When we return to America we must have long talks about this, Celie. And perhaps Samuel and I will found a new church in our community that has no idols in it whatsoever, in which each person’s spirit is encouraged to seek God directly, his belief that this is possible strengthened by us as people who also believe. There is little to do here for entertainment, as you can imagine. We read the papers and magazines from home, play any number of African games with the children. Rehearse the African children in parts of Shakespeare’s plays—Adam was always very good as Hamlet giving his To be or Not to Be soliloquy. Corrine had firm notions of what the children should be taught and saw to it that every good work advertised in the papers became part of their library. They know many things, and I think will not find American society such a shock, except for the hatred of black people, which is also very clear in all the news. But I worry about their very African independence of opinion and outspokenness, also extreme self-centeredness. And we will be poor, Celie, and it will be years no doubt before we even own a home. How will they manage the hostility towards them, having grown up here? When I think of them in America I see them as much younger than they appear here. Much more naive. The worst we have had to endure here is indifference and a certain understandable shallowness in our personal relationships—excluding our relationship with Catherine and Tashi. After all, the Olinka know we can leave, they must stay. And, of course, none of this has to do with color. And—
Dearest Celie,
Last night I stopped writing because Olivia came in to tell me Adam is missing. He can only have gone after Tashi.
Pray fo
r his safety,
Your sister, Nettie
DEAREST NETTIE,
Sometimes I think Shug never love me. I stand looking at my naked self in the looking glass. What would she love? I ast myself. My hair is short and kinky because I don’t straighten it anymore. Once Shug say she love it no need to. My skin dark. My nose just a nose. My lips just lips. My body just any woman’s body going through the changes of age. Nothing special here for nobody to love. No honey colored curly hair, no cuteness. Nothing young and fresh. My heart must be young and fresh though, it feel like it blooming blood.
I talk to myself a lot, standing in front the mirror. Celie, I say, happiness was just a trick in your case. Just cause you never had any before Shug, you thought it was time to have some, and that it was gon last. Even thought you had the trees with you. The whole earth. The stars. But look at you. When Shug left, happiness desert.

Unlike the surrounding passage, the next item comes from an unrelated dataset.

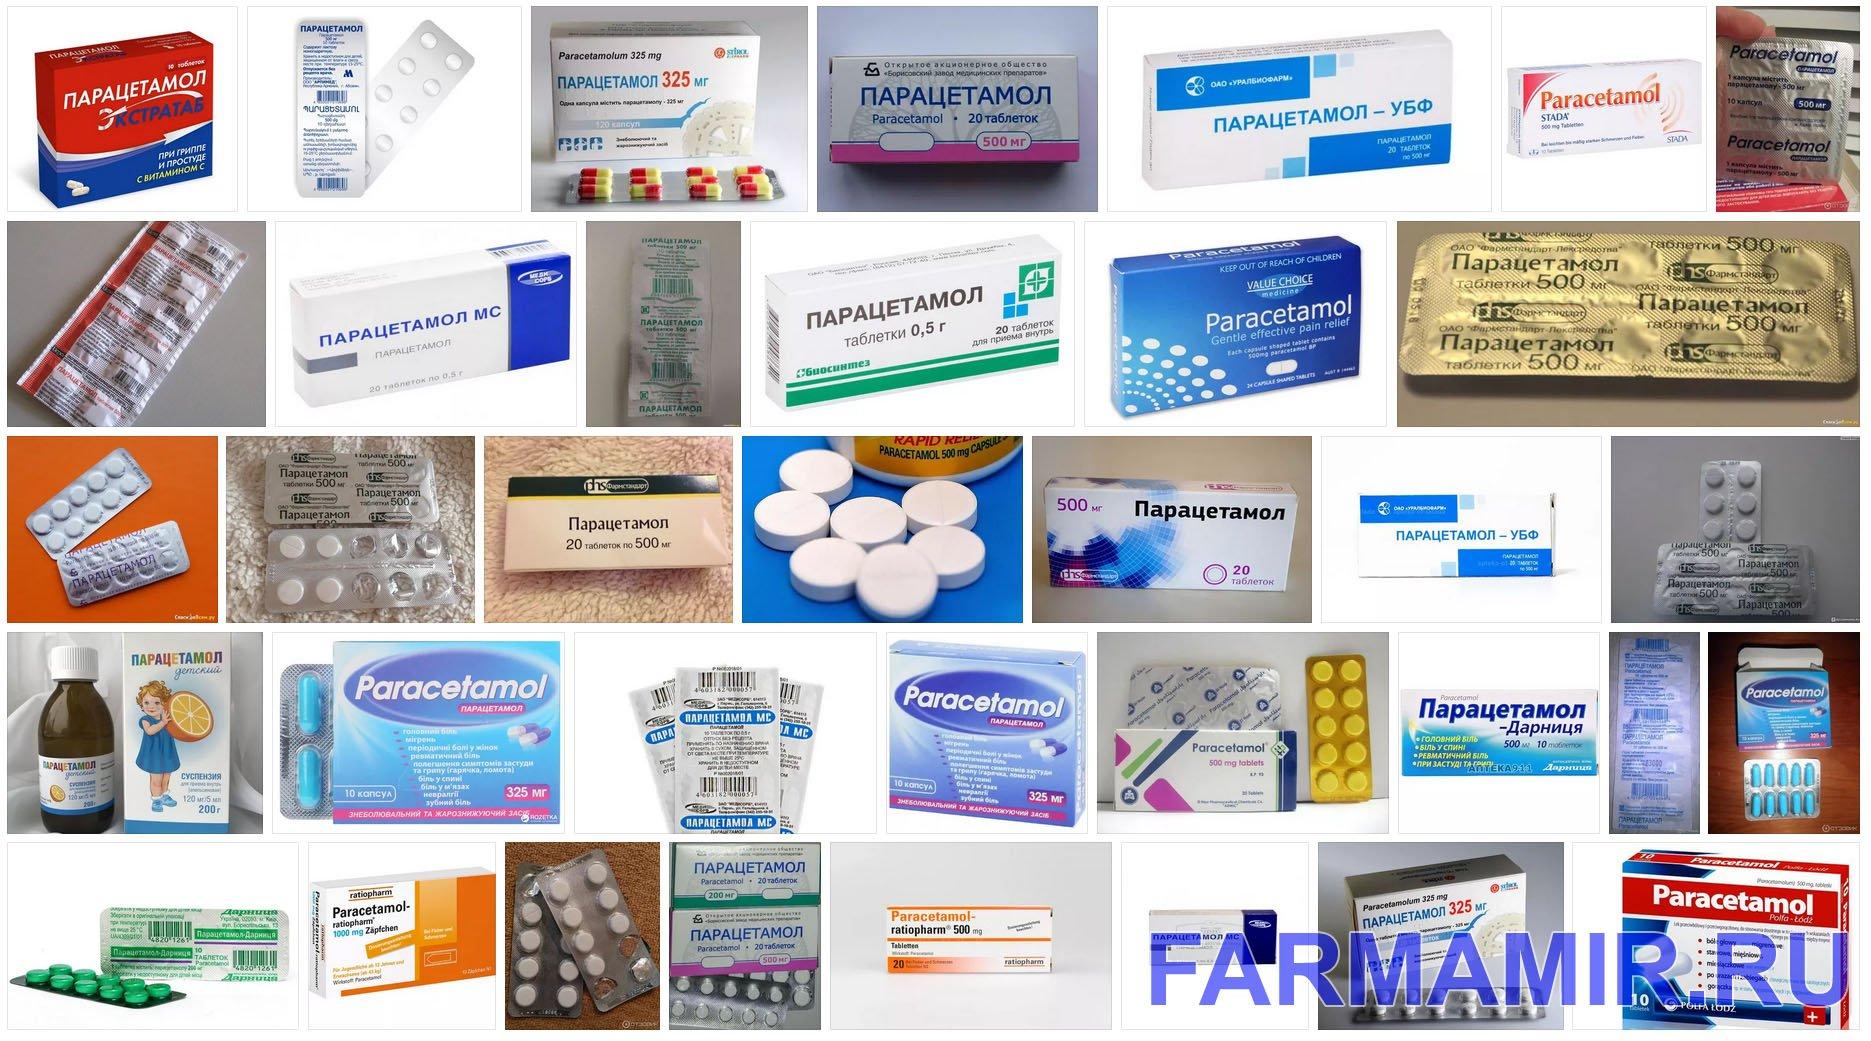 Парацетамол коллаж виды препарата

Every once in a while I git a postcard from Shug. Her and Germaine in New York, in California. Gone to see Mary Agnes and Grady in Panama.
Mr. _____ seem to be the only one understand my feeling.

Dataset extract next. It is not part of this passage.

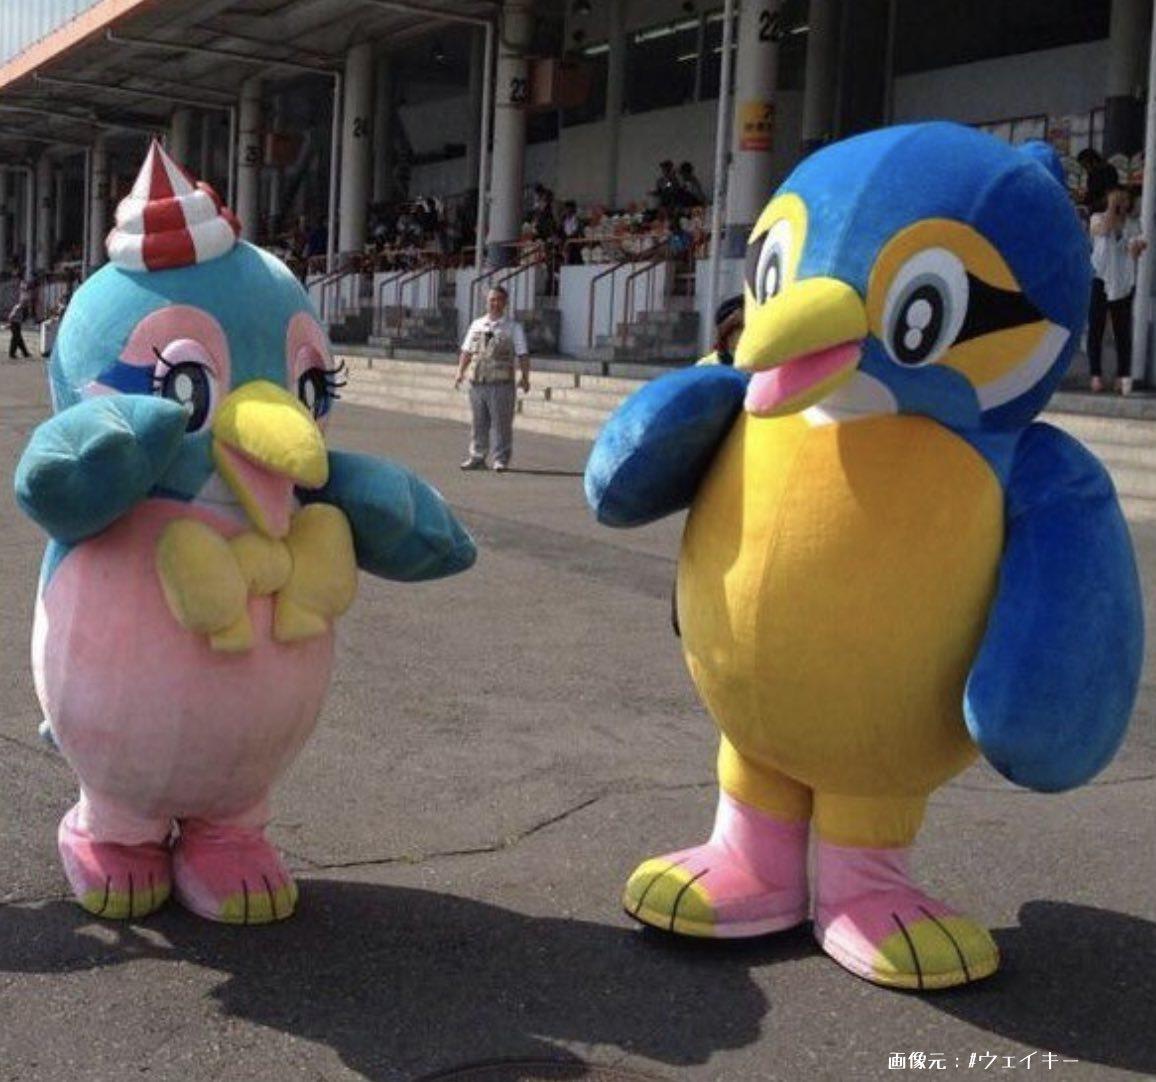 多摩川競艇場のマスコットキャラクター、ウェイキーとリップルの画像

I know you hate me for keeping you from Nettie, he say. And now she dead.
But I don’t hate him, Nettie. And I don’t believe you dead. How can you be dead if I still feel you? Maybe, like God, you changed into something different that I’ll have to speak to in a different way, but you not dead to me Nettie. And never will be. Sometime when I git tired of talking to myself I talk to you. I even try to reach our children.

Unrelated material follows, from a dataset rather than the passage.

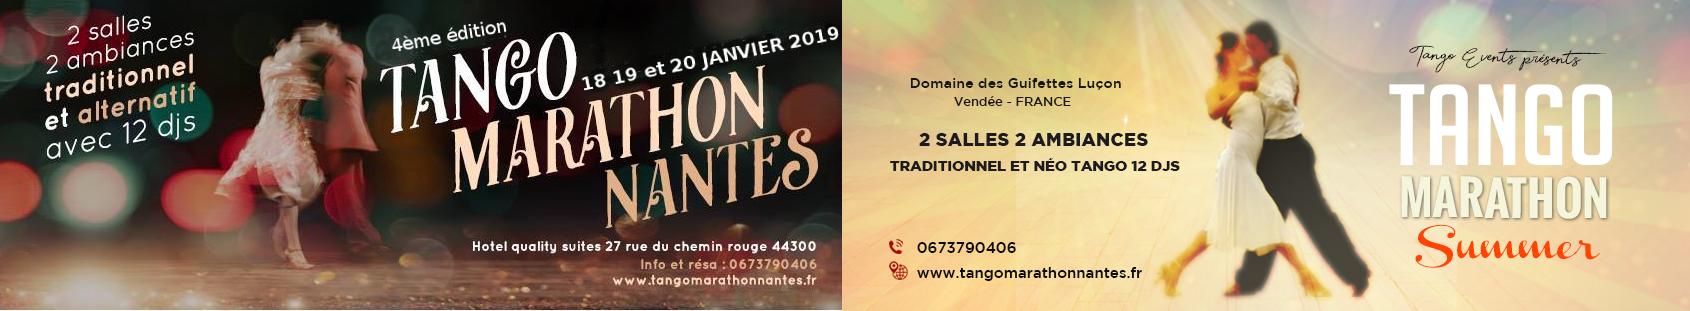 Tango Marathon Nantes 2019

Mr. _____ still can’t believe I have children. Where you git children from? he ast.
My stepdaddy, I say.
You mean he knowed he was the one damage you all along? he ast.
I say, Yeah.
Mr. _____ shake his head.
After all the evil he done I know you wonder why I don’t hate him. I don’t hate him for two reasons. One, he love Shug. And two, Shug use to love him. Plus, look like he trying to make something out of himself. I don’t mean just that he work and he clean up after himself and he appreciate some of the things God was playful enough to make. I mean when you talk to him now he really listen, and one time, out of nowhere in the conversation us was having, he said Celie, I’m satisfied this the first time I ever lived on Earth as a natural man. It feel like a new experience.